Assignment
Copy out the whole listing exactly as written, leaving the pictures behind.

Data block
--- START ---
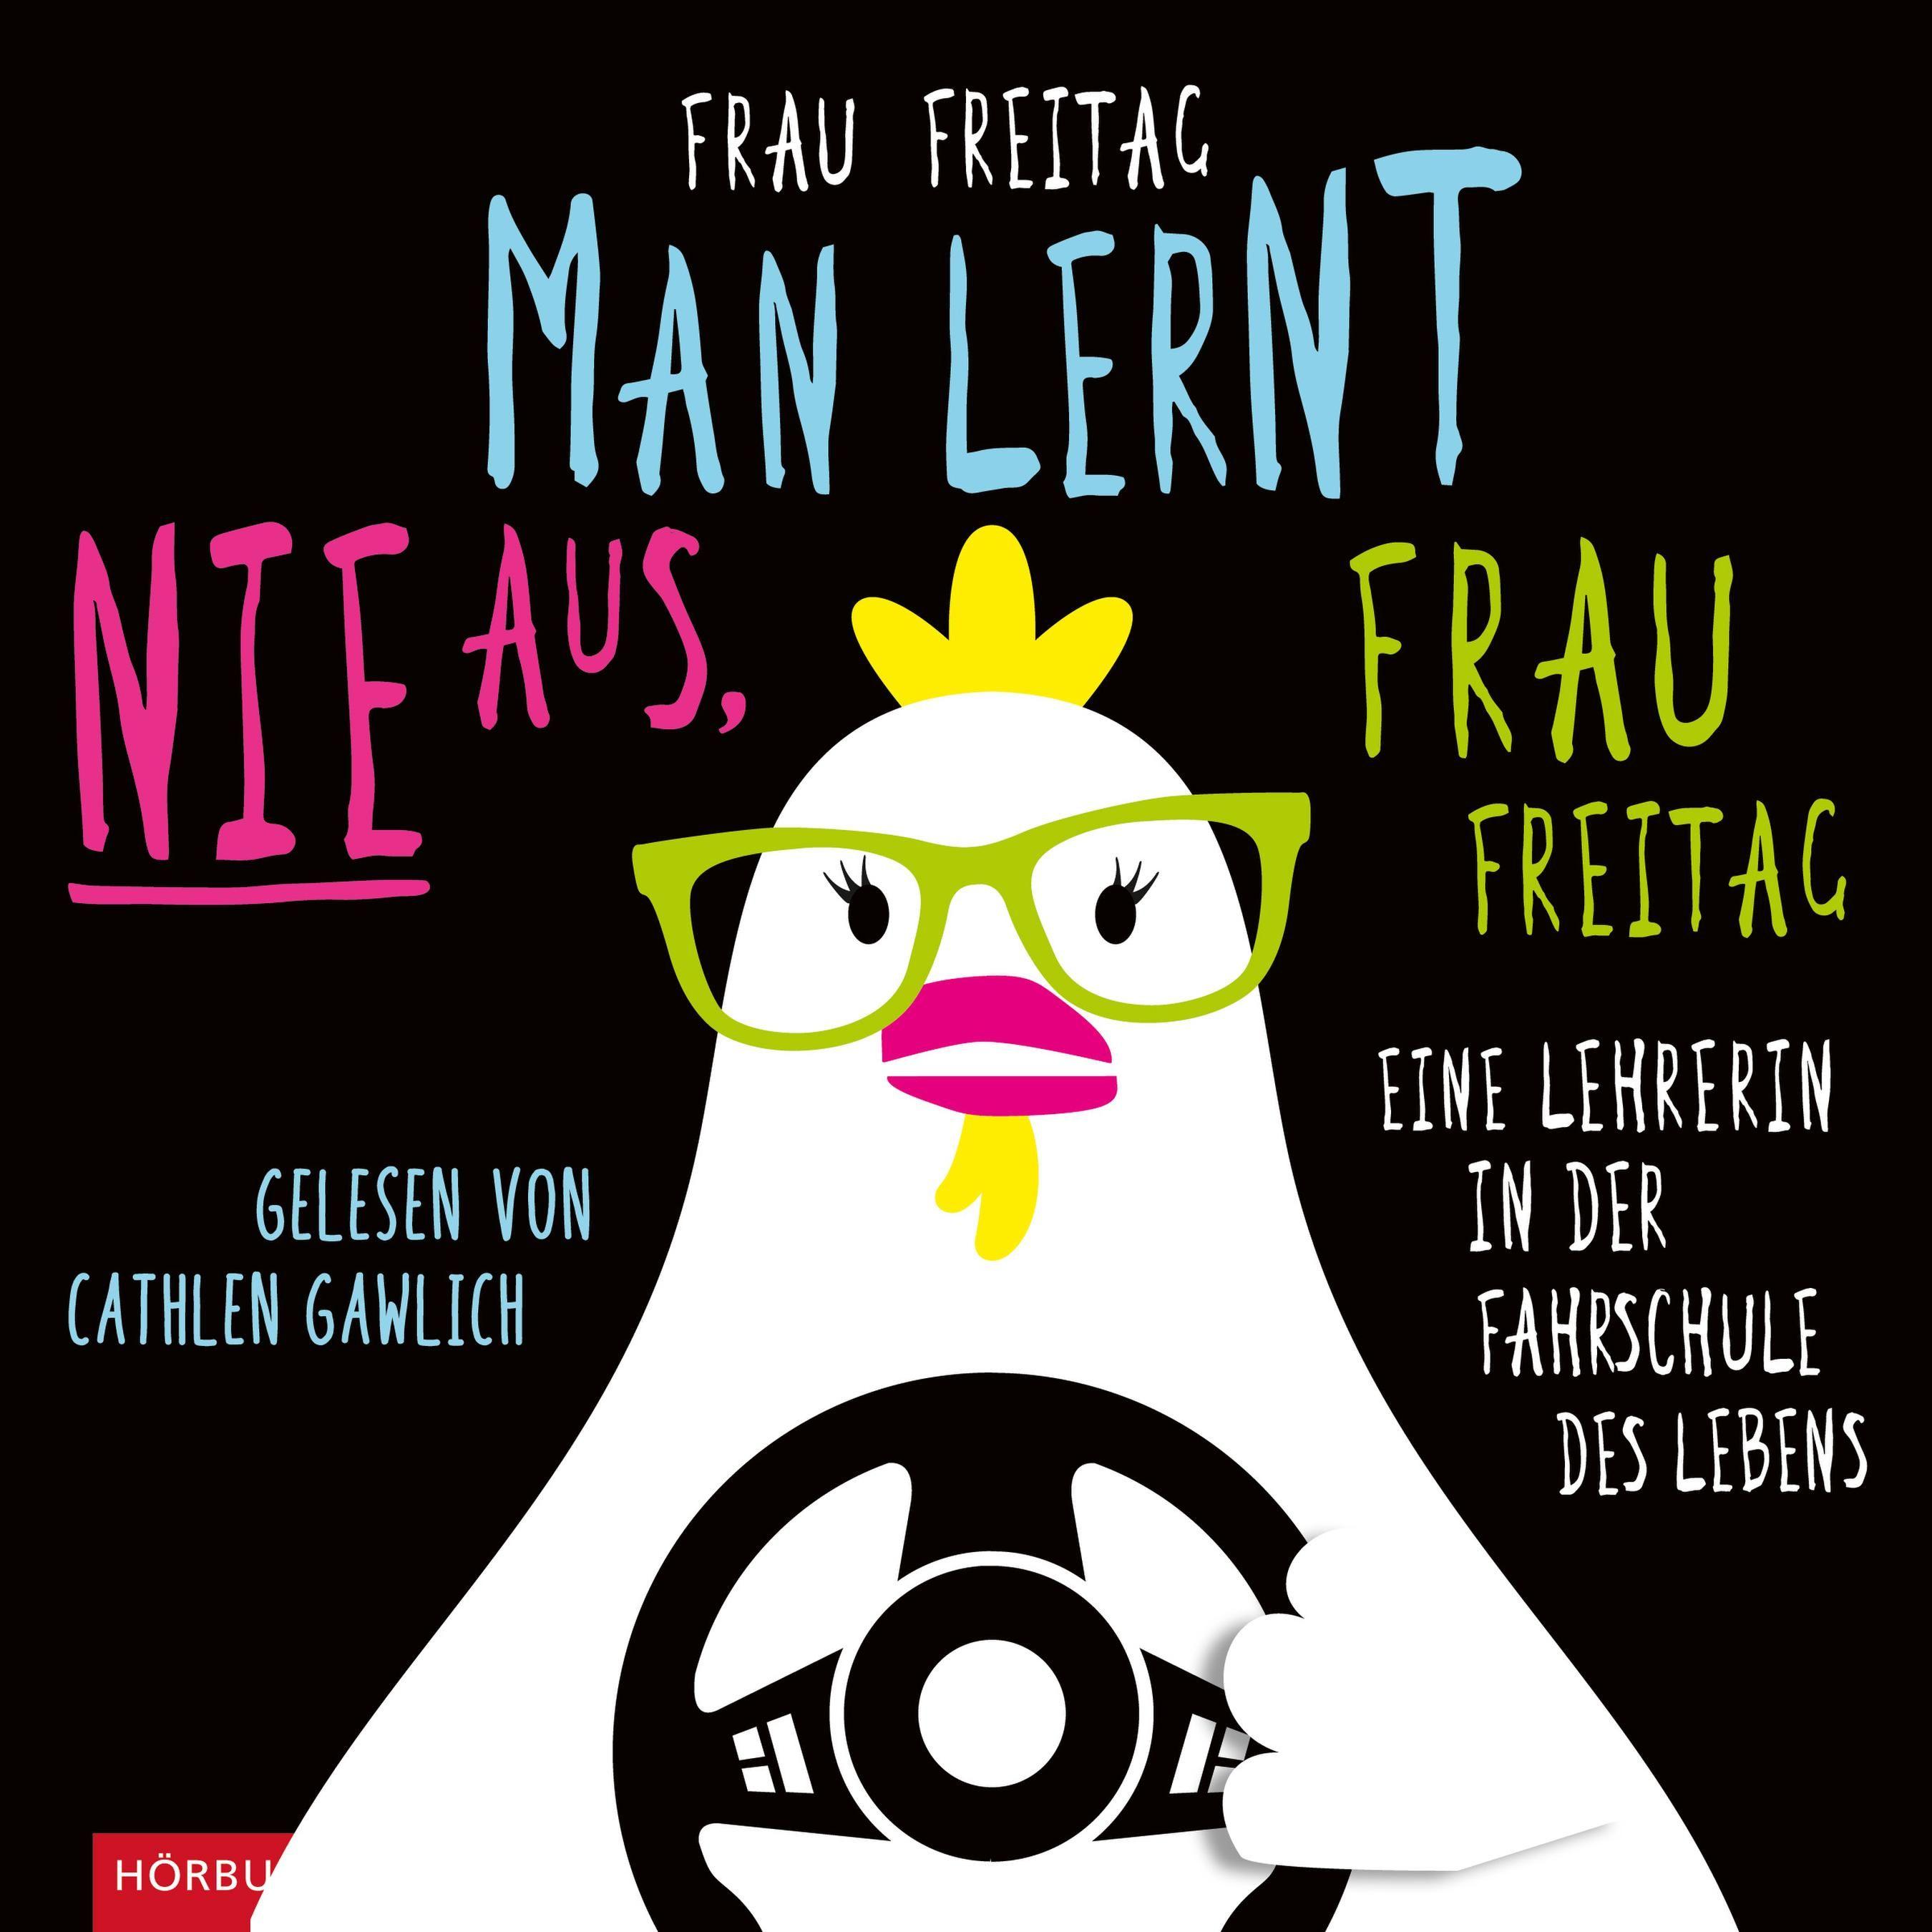 Cover für das Man lernt nie aus, Frau Freitag! Hörbuch
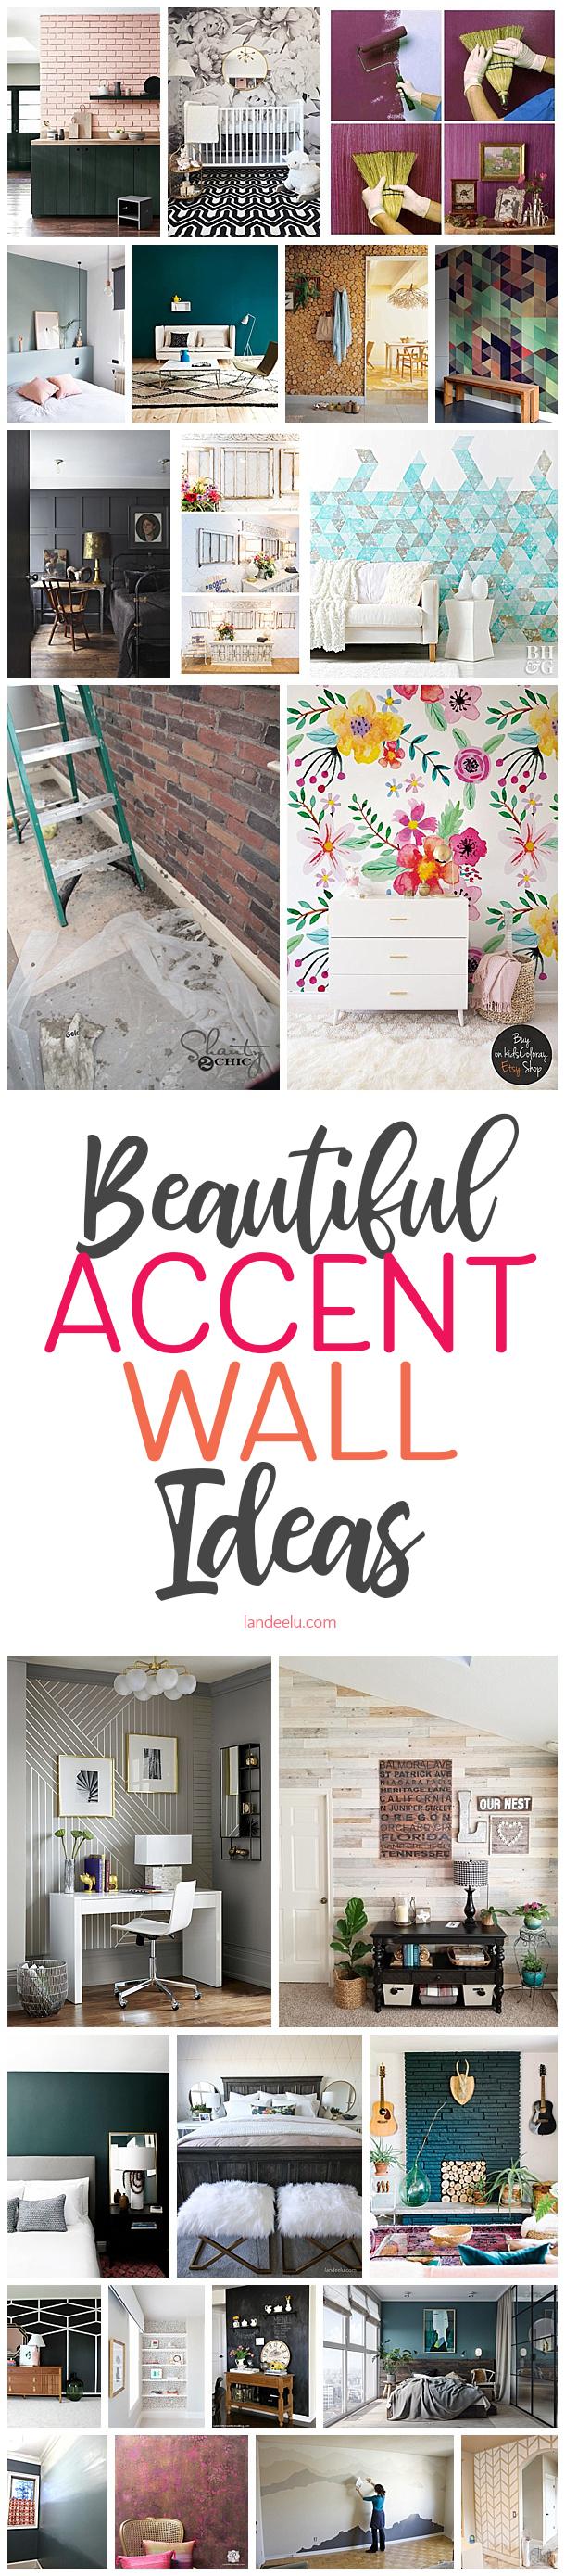 I love these accent wall ideas! So pretty!
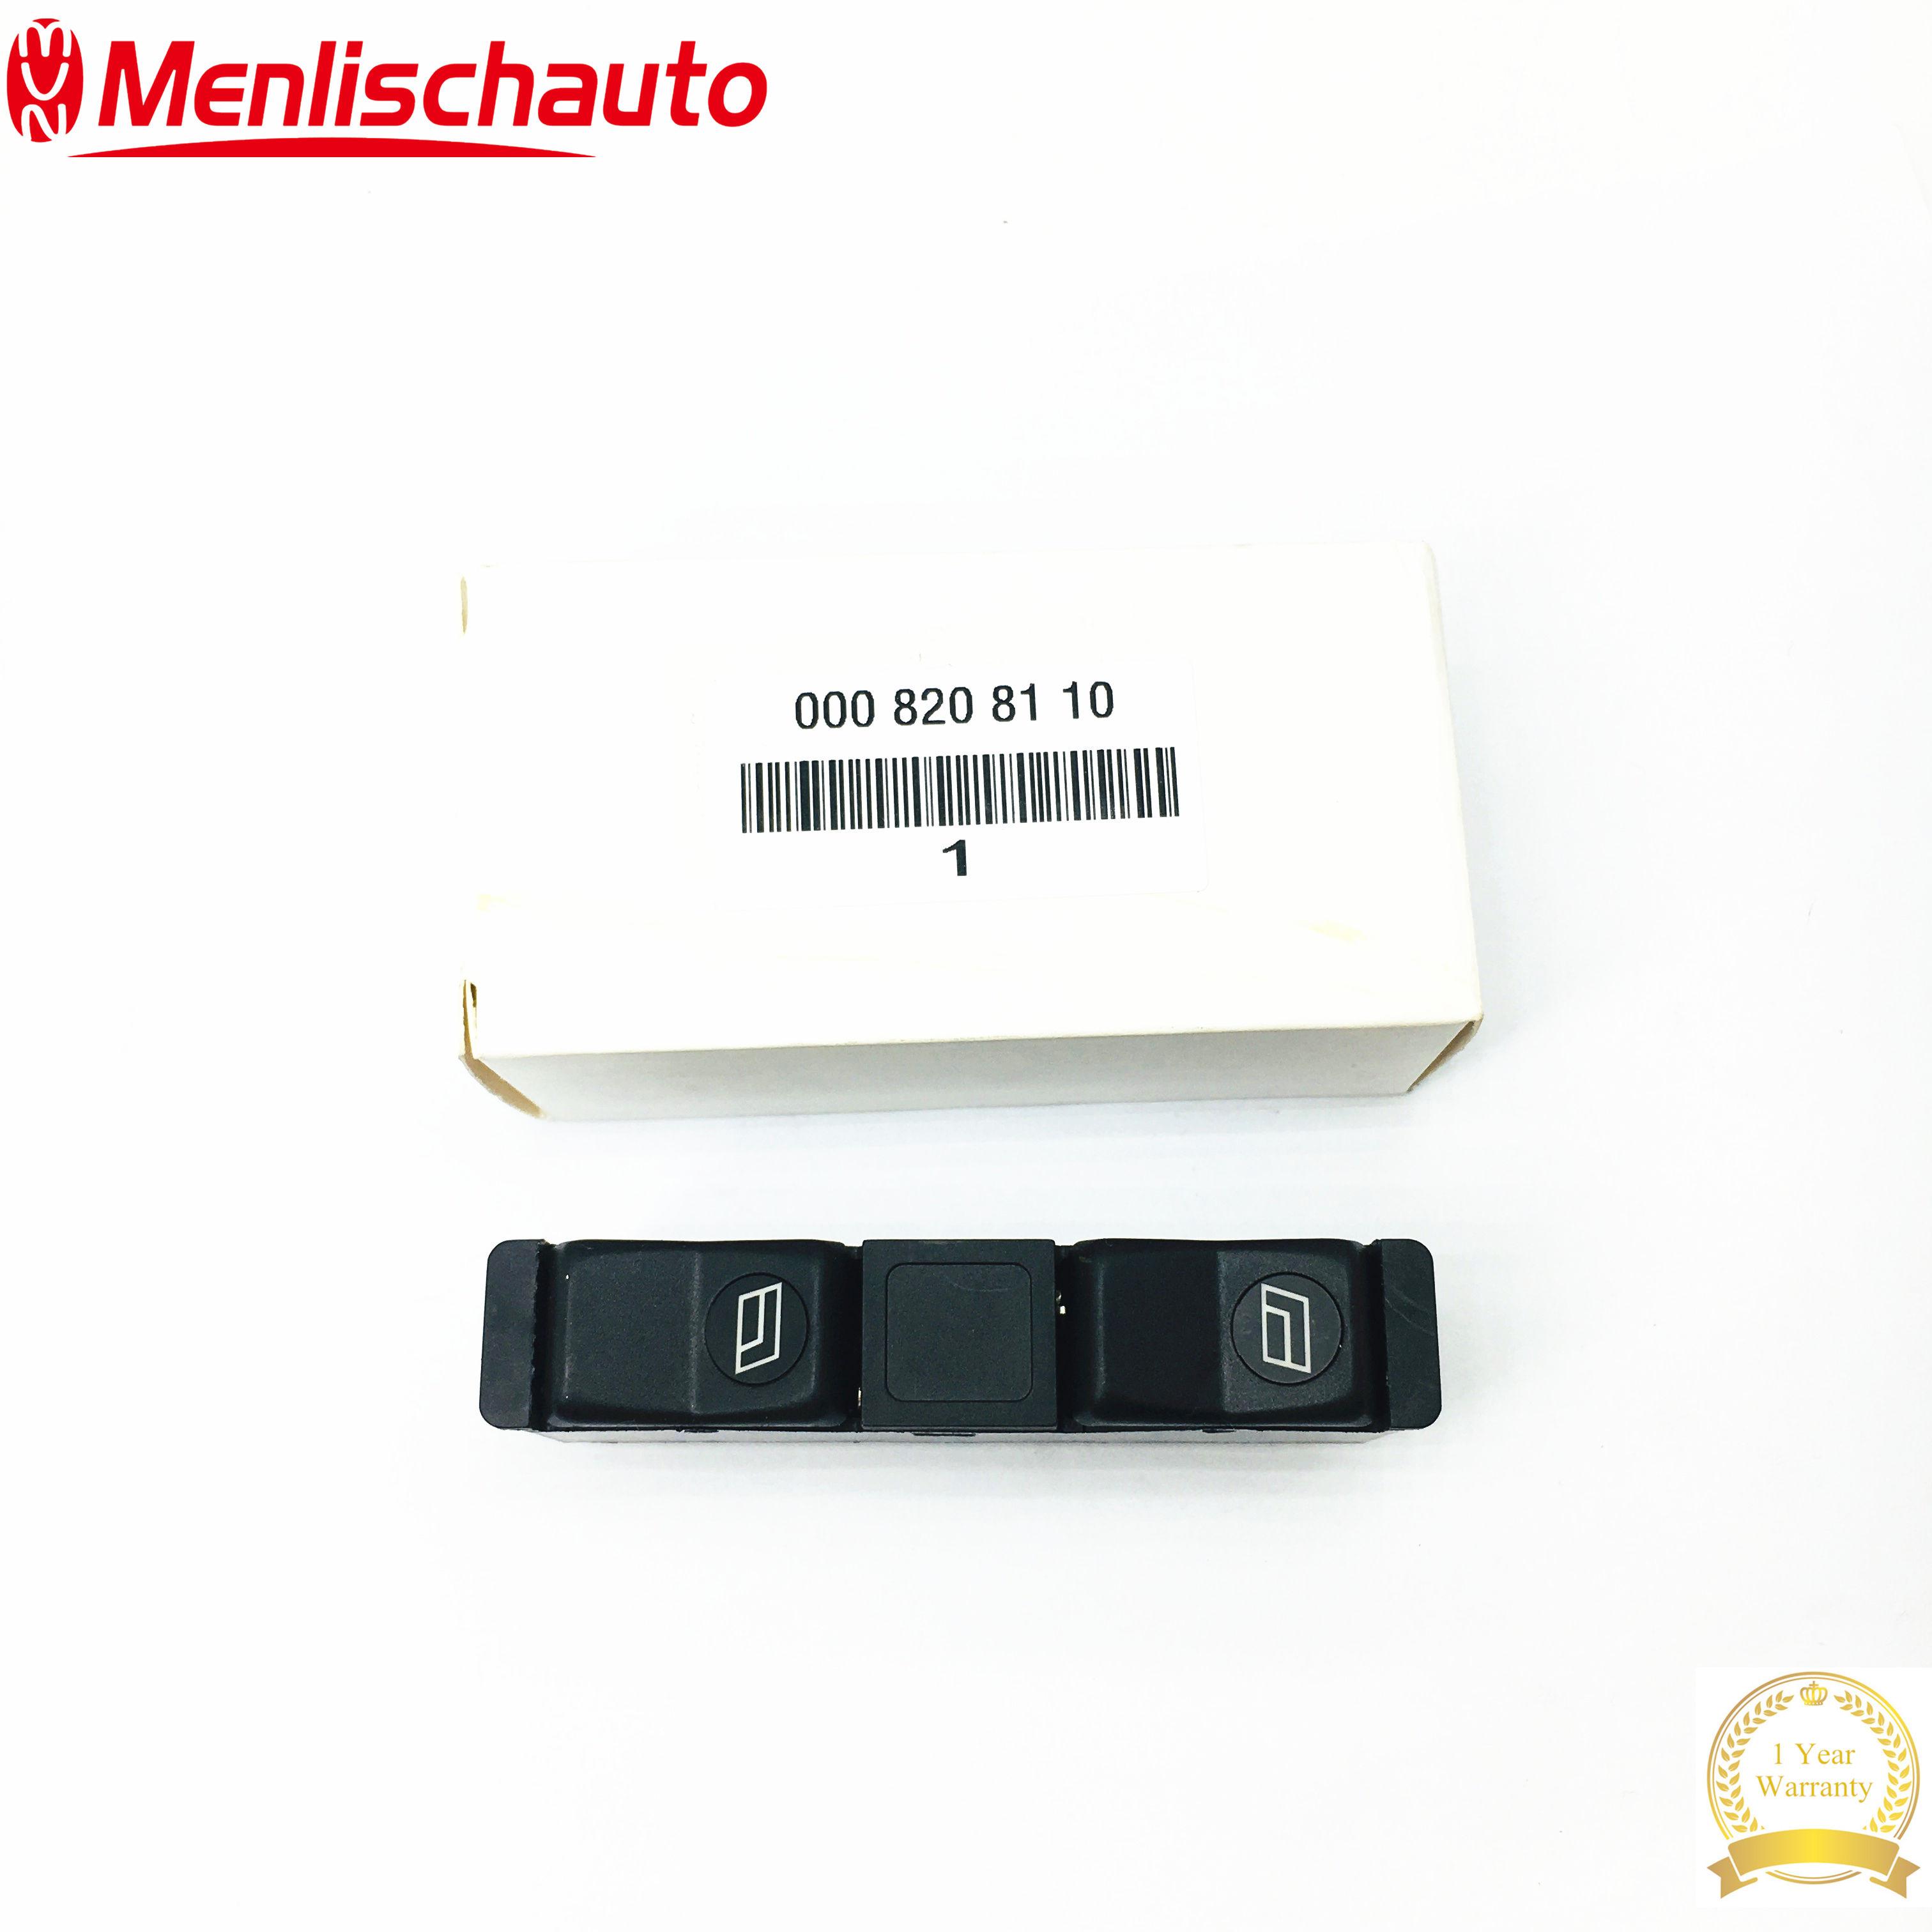 Passenger Rigth Seat Adjustment Buttons Mercedes Benz 81-93
--- END ---
Answer below
 Cover für das Man lernt nie aus, Frau Freitag! Hörbuch
 I love these accent wall ideas! So pretty!
 Passenger Rigth Seat Adjustment Buttons Mercedes Benz 81-93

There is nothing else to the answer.